**EXERCISE AIM**
Please repeat the lines below, exactly and only, from the one that holds "How to promote your NFT giveaway" through the one that holds "A man runs in".

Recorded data
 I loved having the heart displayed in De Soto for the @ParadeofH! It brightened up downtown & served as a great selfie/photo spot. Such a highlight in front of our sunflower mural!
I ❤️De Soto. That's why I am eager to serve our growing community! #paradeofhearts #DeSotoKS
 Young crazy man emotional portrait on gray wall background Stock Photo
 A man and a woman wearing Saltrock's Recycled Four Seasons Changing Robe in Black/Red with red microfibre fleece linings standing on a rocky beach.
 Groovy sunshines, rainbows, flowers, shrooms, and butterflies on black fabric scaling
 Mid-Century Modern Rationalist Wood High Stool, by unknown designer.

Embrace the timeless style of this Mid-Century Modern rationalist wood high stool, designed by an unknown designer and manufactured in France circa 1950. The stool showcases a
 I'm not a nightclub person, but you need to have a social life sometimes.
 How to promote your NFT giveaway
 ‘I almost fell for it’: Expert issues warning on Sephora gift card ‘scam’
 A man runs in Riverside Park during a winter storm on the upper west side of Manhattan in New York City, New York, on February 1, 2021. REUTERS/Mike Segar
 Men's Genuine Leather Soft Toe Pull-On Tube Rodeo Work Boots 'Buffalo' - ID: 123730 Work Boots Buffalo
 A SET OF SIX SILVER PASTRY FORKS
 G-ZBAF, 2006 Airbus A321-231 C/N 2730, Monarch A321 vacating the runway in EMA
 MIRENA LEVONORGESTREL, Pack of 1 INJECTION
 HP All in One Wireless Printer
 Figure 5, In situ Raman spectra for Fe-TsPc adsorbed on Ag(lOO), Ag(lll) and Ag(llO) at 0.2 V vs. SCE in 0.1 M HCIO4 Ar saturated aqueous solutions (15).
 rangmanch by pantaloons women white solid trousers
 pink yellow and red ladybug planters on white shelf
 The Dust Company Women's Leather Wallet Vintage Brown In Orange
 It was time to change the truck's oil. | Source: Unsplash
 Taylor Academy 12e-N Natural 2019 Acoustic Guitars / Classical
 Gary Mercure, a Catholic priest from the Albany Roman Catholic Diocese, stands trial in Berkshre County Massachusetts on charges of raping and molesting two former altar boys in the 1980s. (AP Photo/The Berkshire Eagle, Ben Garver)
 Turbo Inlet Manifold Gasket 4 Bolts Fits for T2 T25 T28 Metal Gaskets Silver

**SOLUTION TO THE PROBLEM**
 How to promote your NFT giveaway
 ‘I almost fell for it’: Expert issues warning on Sephora gift card ‘scam’
 A man runs in Riverside Park during a winter storm on the upper west side of Manhattan in New York City, New York, on February 1, 2021. REUTERS/Mike Segar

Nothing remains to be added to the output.